Wir müssen nicht nur mehr produzieren, wir müssen zugleich besser produzieren. Wir müssen es rationaler und effizienter tun – mit adäquatem Einsatz von Ressourcen und sowohl mittel- als auch langfristig weitaus nachhaltiger als bisher.

In weniger kultivierten Regionen steht unsere Gesellschaft sogar vor der großen Herausforderung doppelt so viele Lebensmittel produzieren zu müssen – mit weniger Arbeitseinsatz und mit einer Wasserknappheit, die sich in den kommenden Jahren weiter verschlimmern wird.

Im Kontext all dieser Sorgen um Nachhaltigkeit, Qualität und Quantität von agrarwirtschaftlichen Lebensmittelproduktionen, ist es das oberste Ziel der Branche neue Lösungen zu finden wie sich der Verbrauch von natürlichen Ressourcen und Agrarflächen weiter optimieren lässt.

Die Branche setzt hierbei auf eine Kombination von IoT-Technologien und Big Data, um auf der einen Seite große Datenmengen erheben und auf der anderen schnell verarbeiten zu können.

Das ist Präzisionslandwirtschaft

Bekannt ist diese Entwicklung als „Präzisionslandwirtschaft“. Darunter werden sämtliche Maßnahmen verstanden, die gesammelte Daten analysieren (hauptsächlich via intelligenter Sensoren), um die Bewirtschaftung von kultiviertem Land sowohl agrarwirtschaftlich als auch ökologisch zu optimieren. Dies natürlich immer mit dem Ziel, Ressourcen effizienter und präziser einzusetzen.

Die wichtigste Maßnahme der Präzisionslandwirtschaft ist es, die notwendigen Ressourcen zum exakt richtigen Zeitpunkt, an der exakt richtigen Stelle und in der exakt notwendigen Menge einzusetzen. Hierfür kommen GPS und Technologien wie Drohnen zum Einsatz, um auf der einen Seite Daten von großen Flächen generieren zu können und auf Basis derer handeln zu können.

Das Sammeln von Daten ist dabei deswegen so wichtig, da es Landwirten ermöglicht, den Einsatz von Ressourcen wie Wasser, Düngemittel und Pestiziden in der mindestnotwendigen Menge einzusetzen. Auf diese Weise werden nicht nur Kosten gespart, sondern auch die Produktqualität und die Umweltbelastung profitieren maßgeblich!

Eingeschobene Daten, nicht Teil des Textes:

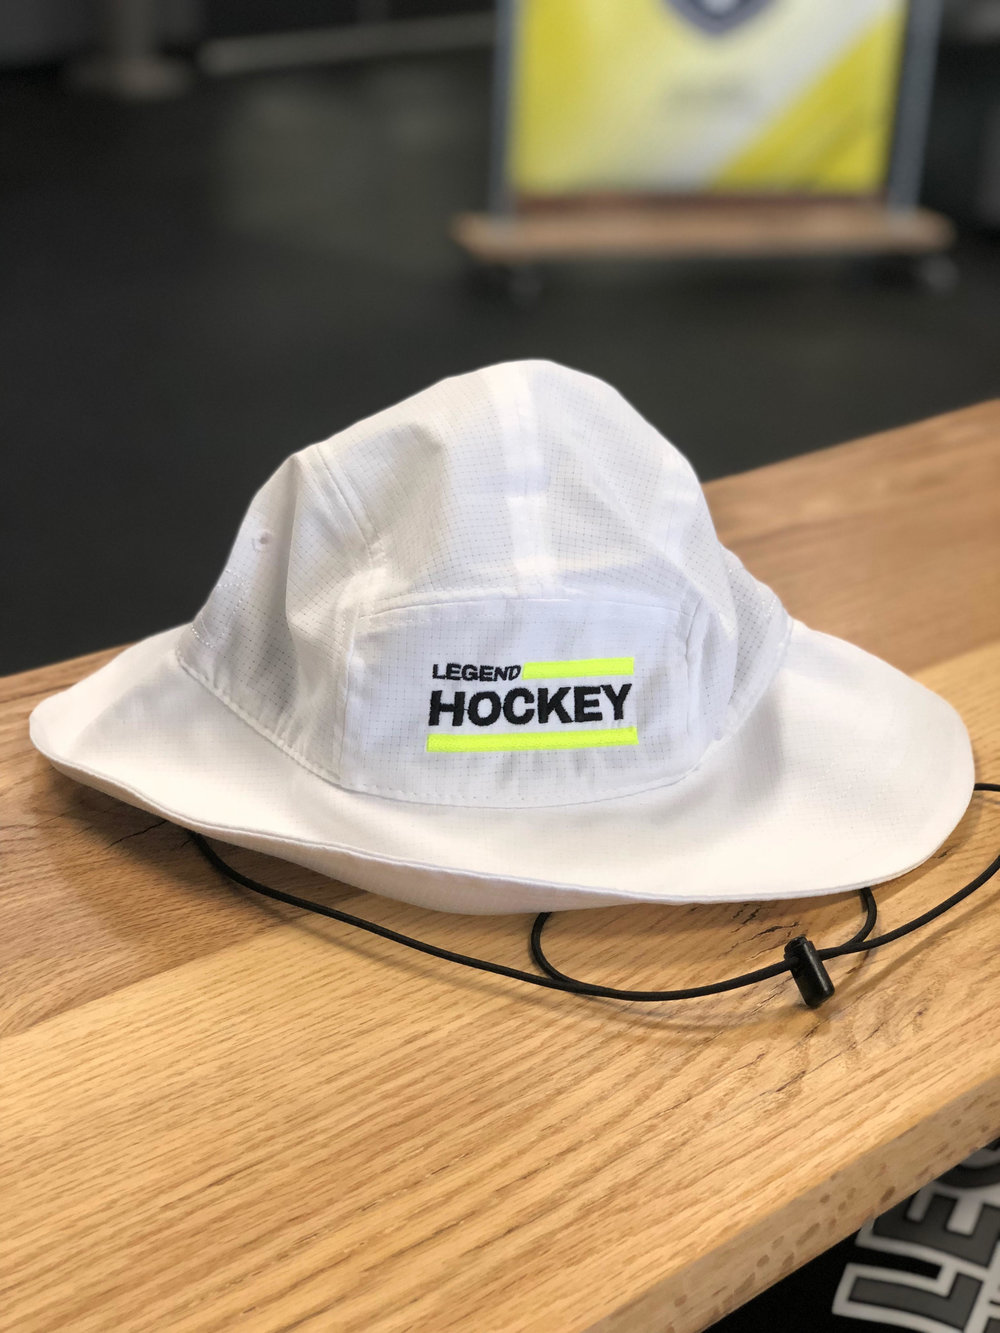 UNDER ARMOUR TEAM WARRIOR BUCKET HAT - MEN S — Legend Hockey dabfdcf5532

Agrarautomatisierung und Robotik spielen in der Landwirtschaft eine führende Rolle

Im Einsatz: ein Spritzroboter von Innok Robotics

Des Weiteren halten landwirtschaftliche Automatisierung und Robotik immer mehr Einzug in der Agrarwirtschaft. Überall auf der Welt findet man Landwirte, welche ihre Böden vom Smartphone aus bewässern oder ihre Erntemaschinen über ein Virtual Reality System steuern.

Dank Künstlicher Intelligenz ist es zudem möglich, sämtliche Prozesse des Agrarbetriebs nicht nur zu verbessern, sondern nahezu komplett „abzugeben“. Automatisierung ist bereits vielerorts Alltag und übernimmt immer mehr Aufgaben. Künstliche Intelligenz ermöglicht es uns Menschen zudem, auch komplexe Aufgaben an Computer zu übertragen. Computer lassen sich dabei so programmieren, dass sie Erfahrungen sammeln, auf Basis derer sie lernen und Prozesse optimieren – so wie auch wir Menschen es tun würden.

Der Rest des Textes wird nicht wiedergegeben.